The first 20 minutes of “Brokedown Palace” promises an exciting and suspenseful adventure. Two lifelong friends, Alice (Claire Danes) and Darlene (Kate Beckinsale), in a small Midwestern town, are graduating from high school and will be headed in separate directions. Why not, then, have a last fling--let’s say, a two-week Hawaii vacation? But Alice, the more venturesome and resilient of the two, has noticed the label on a bottle of imported beer at a graduation eve blast and persuades Darlene that they should go to the more exotic Thailand--but in the event of parental disapproval, they’ll let everyone believe that Honolulu rather than Bangkok is their destination.

Bangkok lives up to their expectations, and in their state of elation they decide to take drinks by the side of a pool at a posh hotel. In her larky mood, Alice charges their tab to a room number she picks at random. Just as a meticulous waiter is catching her in the act of deception, a personable, good-looking young Australian businessman, Nick (Daniel Lapaine), comes to her rescue, pretending to know her and saying that she must have forgotten their room number.

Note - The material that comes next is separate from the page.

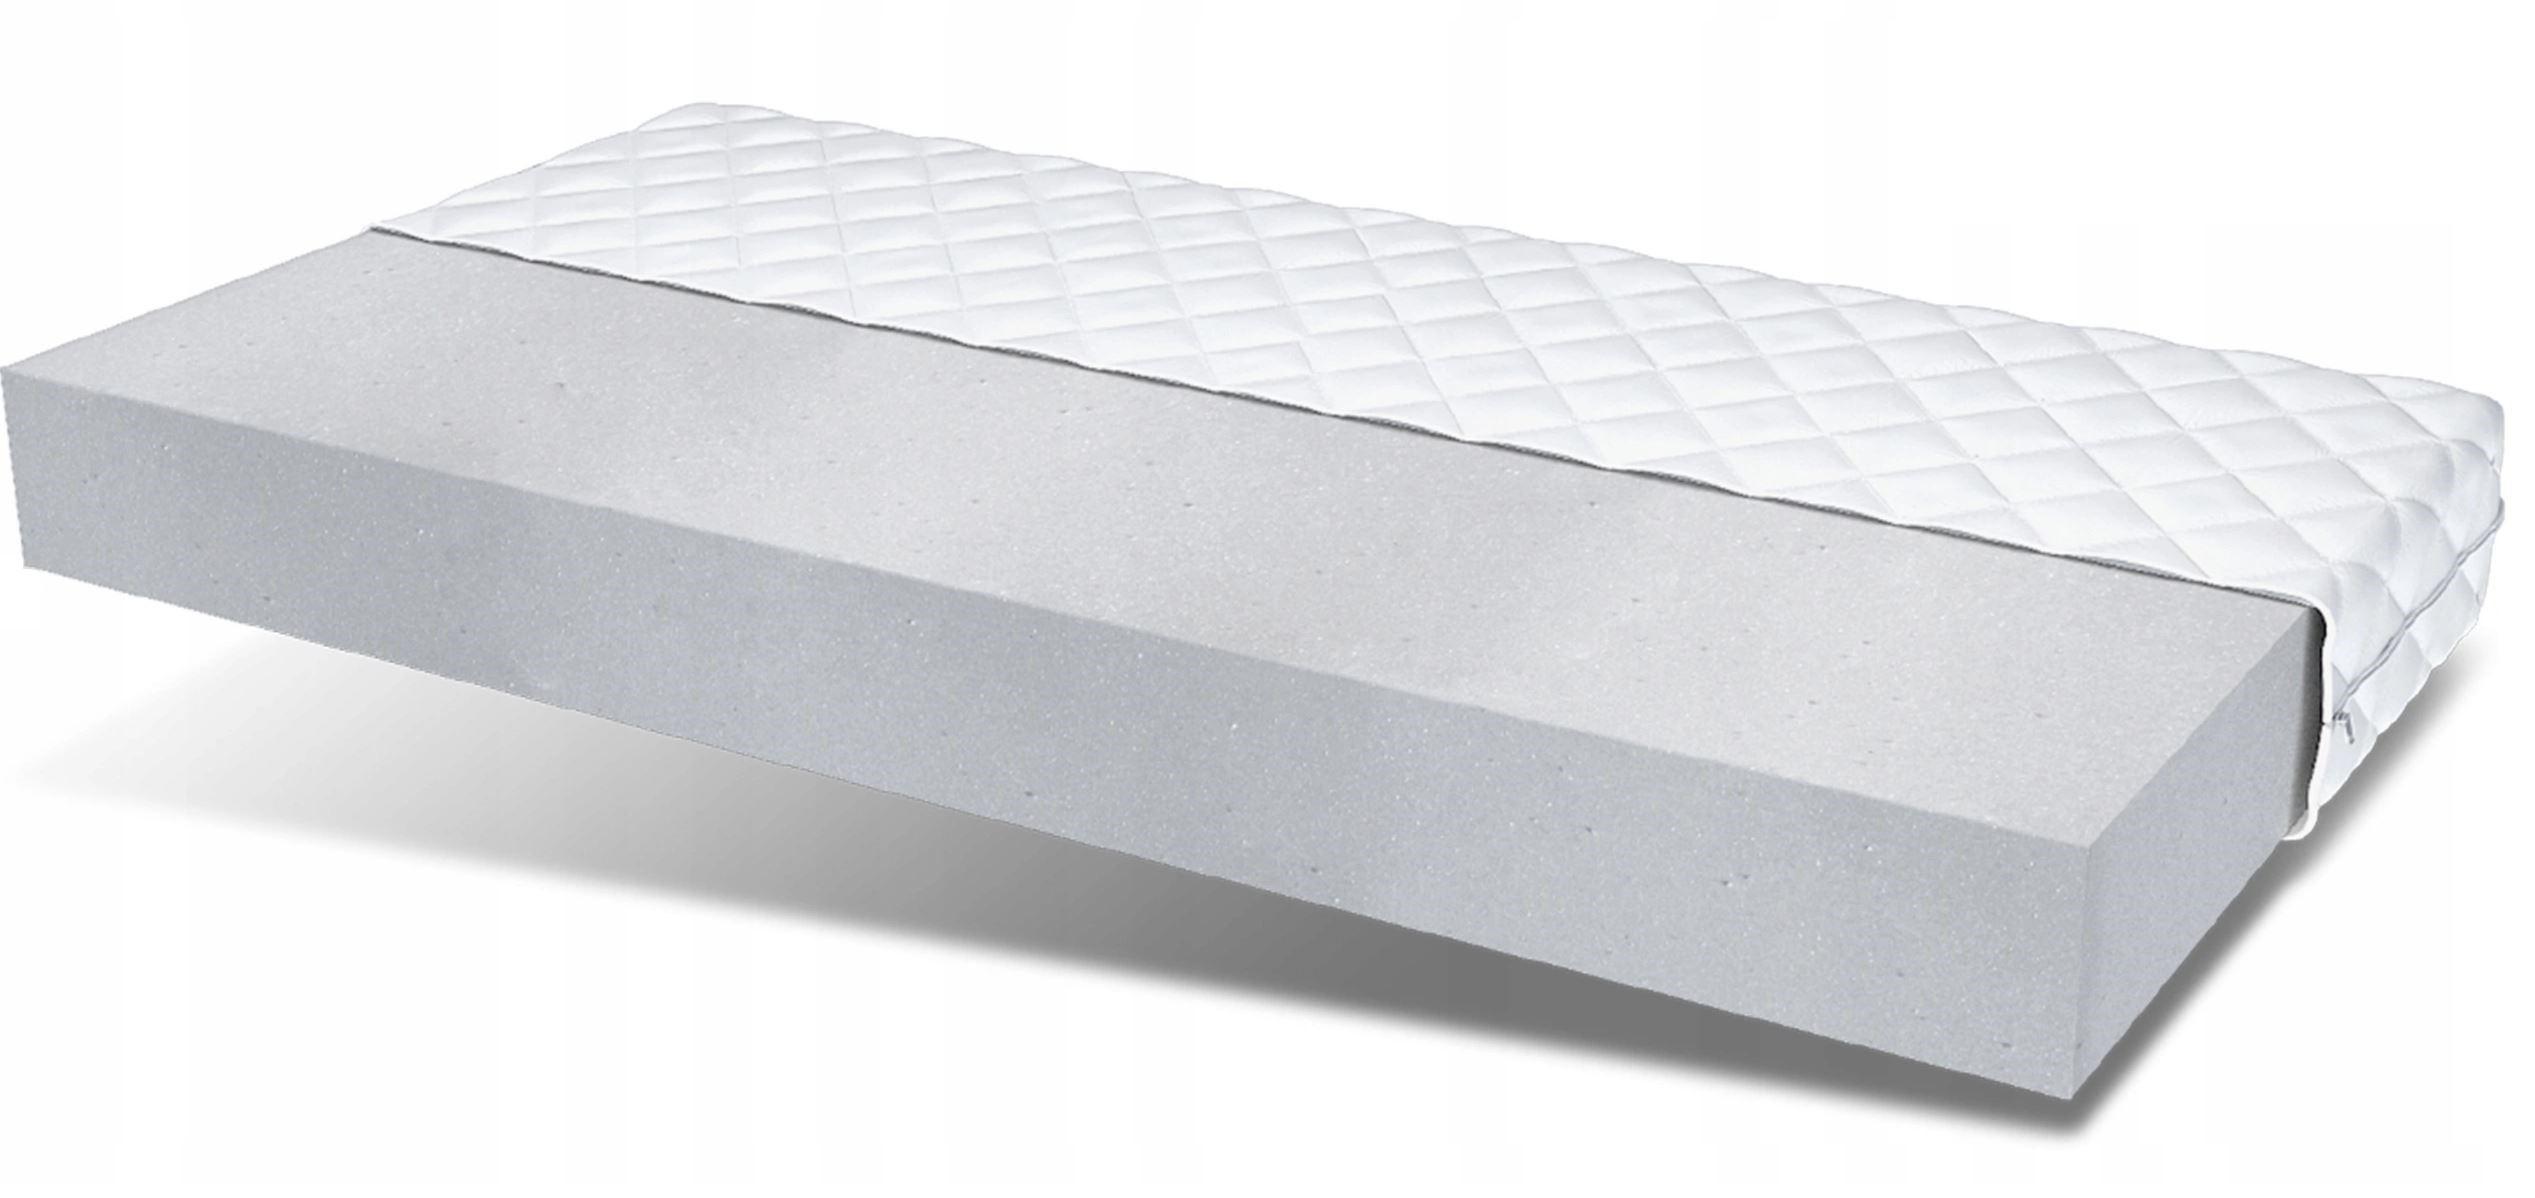 Dětská matrace Classic 160x80x9 cm

When Nick continues on his way out of the hotel, Alice insists he let her and Darlene treat him to drinks to repay him for his face-saving gesture. Nick swiftly sweeps Darlene off her feet and proposes the girls join him on a quick trip to Hong Kong. Feeling left out in the face of her friend’s unexpected budding romance but finally wanting to be a good sport, Alice reluctantly agrees. No sooner do the girls arrive at the airport than they are surrounded by Thai police and DEA officers, who discover substantial amounts of heroin packed in their luggage.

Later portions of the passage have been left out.